Nuovo braccio di ferro istituzionale tra Palazzo Donini e Palazzo Chigi, entrambi con gli attuali inquilini pronti a fare le valigie (salvo, ovviamente, ritorni post elettorali).
La Giunta regionale dell’Umbria ha infatti annunciato che ricorrerà alla Corte Costituzionale contro l’art.10 (commi 1 e 2) e l’art. 18 (commi 1 e 2) del cosiddetto Decreto Crescita, convertito in legge il 28 giugno scorso, in quanto ritenuti costituzionalmente illegittimi e lesivi delle attribuzioni della Regione.
Gli articoli impugnati dall’esecutivo riguardano rispettivamente la modifica alle disciplina degli eco-bonus ed eco-sisma e le norme in materia di semplificazione per la gestione del Fondo di garanzia per le Pmi.

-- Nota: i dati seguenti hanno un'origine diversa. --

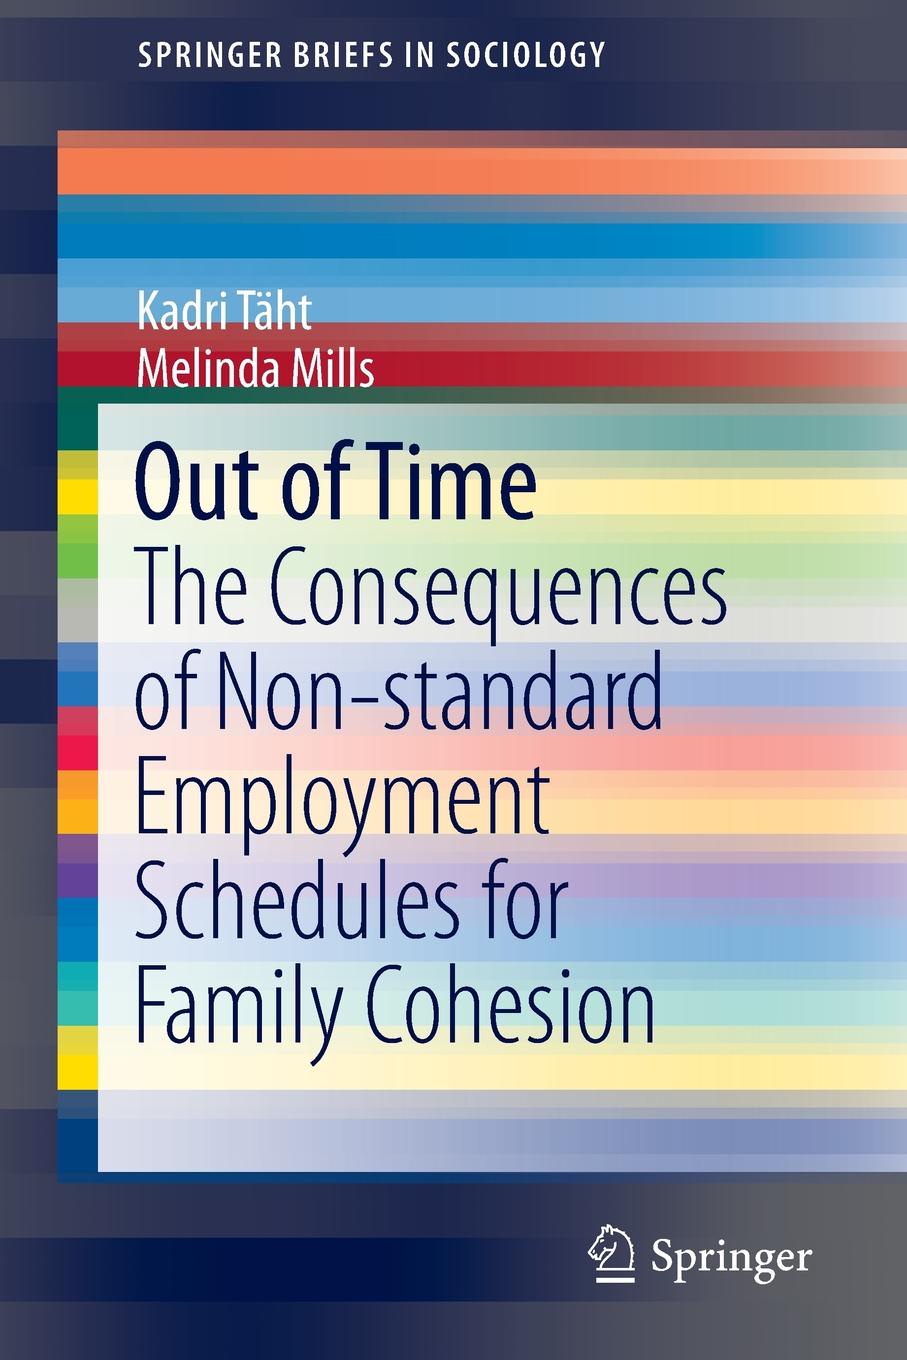 Out of Time. The Consequences of Non-standard Employment Schedules for Family Cohesion
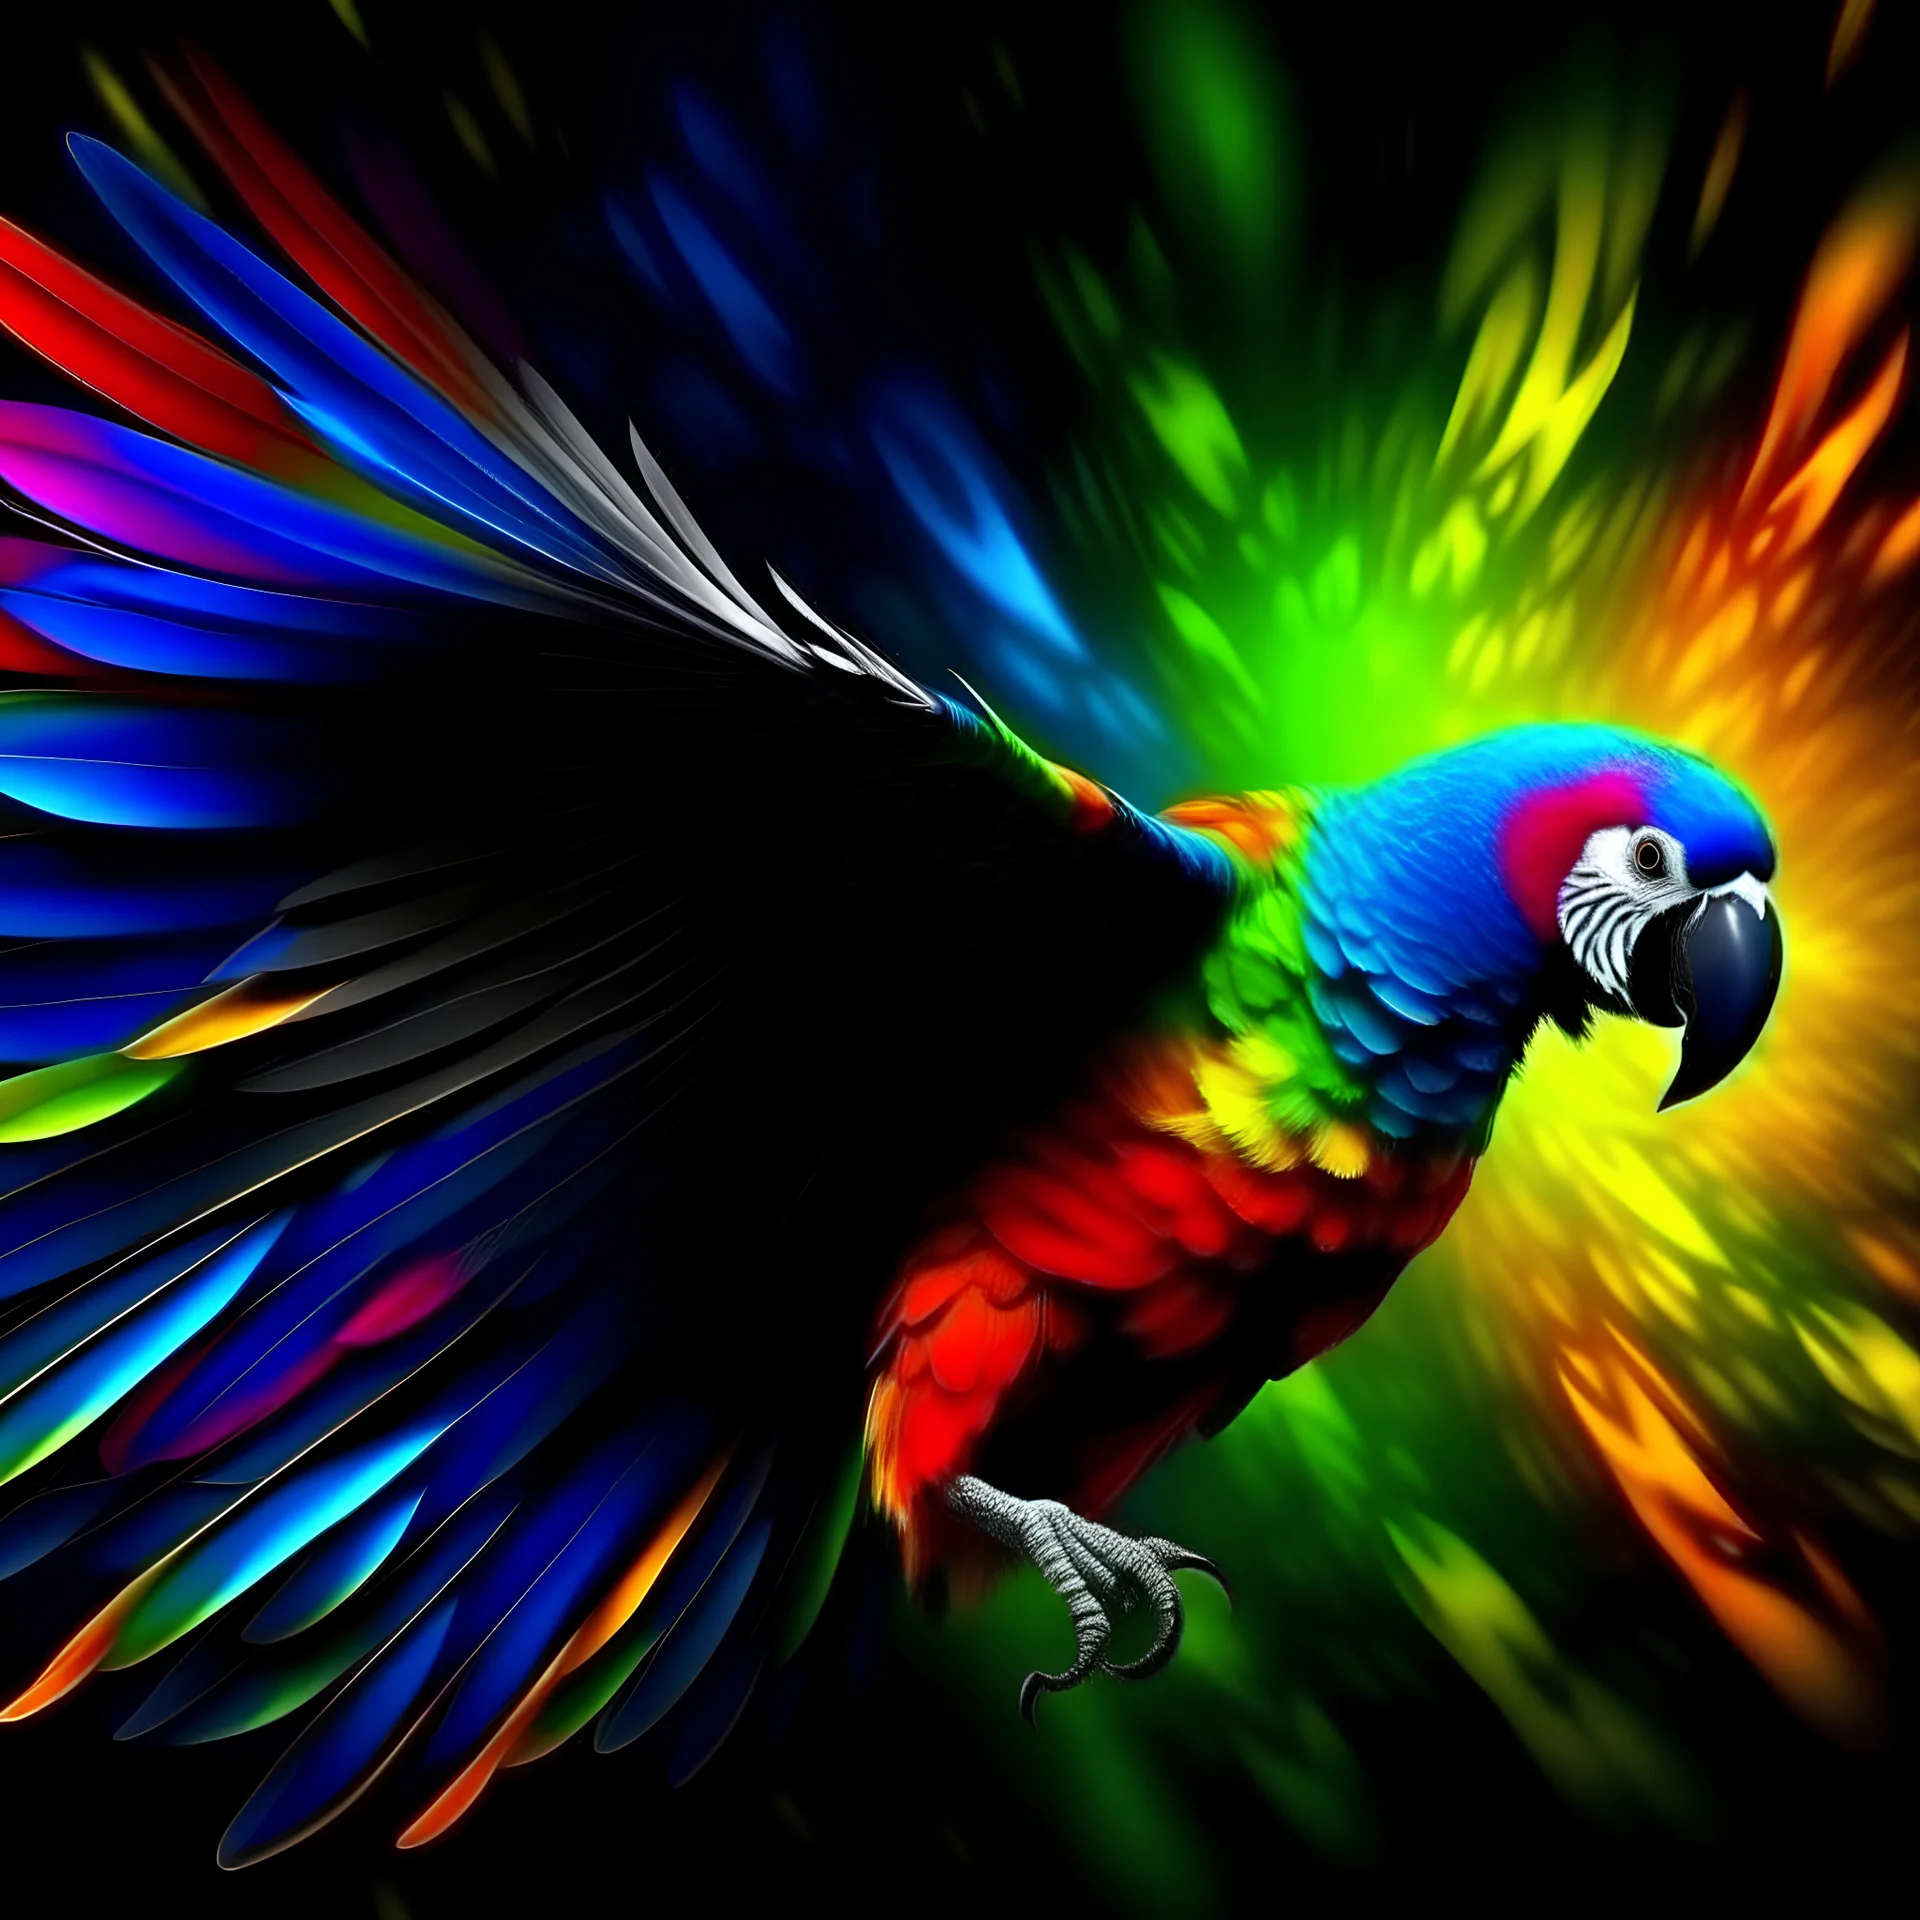 Flying colorful parrot takes me to my dream land, fractal recrusive whimsical stylized gothic realistic colorful dreamy scene

In particolare: l’art. 10 fissa le modalità attuative per ottenere i bonus in un’unica soluzione attraverso uno sconto in fattura di pari importo che viene anticipato dall’impresa che esegue i lavori. L’impresa potrà poi recuperare le somme anticipate sotto forma di credito d’imposta da utilizzare esclusivamente in compensazione in cinque quote annuali di pari importo. L’art. 18 va invece sopprimere la possibilità per artigiani, commercianti e piccole imprese di accedere a finanziamenti avvalendosi della controgaranzia dei confidi di categoria.
Entrambi gli articoli, così come segnalato anche dalle stesse organizzazioni di categoria (molto dura, nei giorni scorsi, era stata la posizione della Cna dell’Umbria con il direttore Roberto Giannangeli) rappresentano misure gravemente dannose per le imprese di piccole e medie dimensioni e per i lavoratori autonomi che spesso non hanno una capienza sufficiente per compensare i crediti d’imposta derivanti dallo sconto in fattura, a differenza dei grandi gruppi e delle multiutilities, né hanno facilità di accesso al credito. Da qui la decisione della Regione Umbria di ricorrere alla Corte Costituzionale.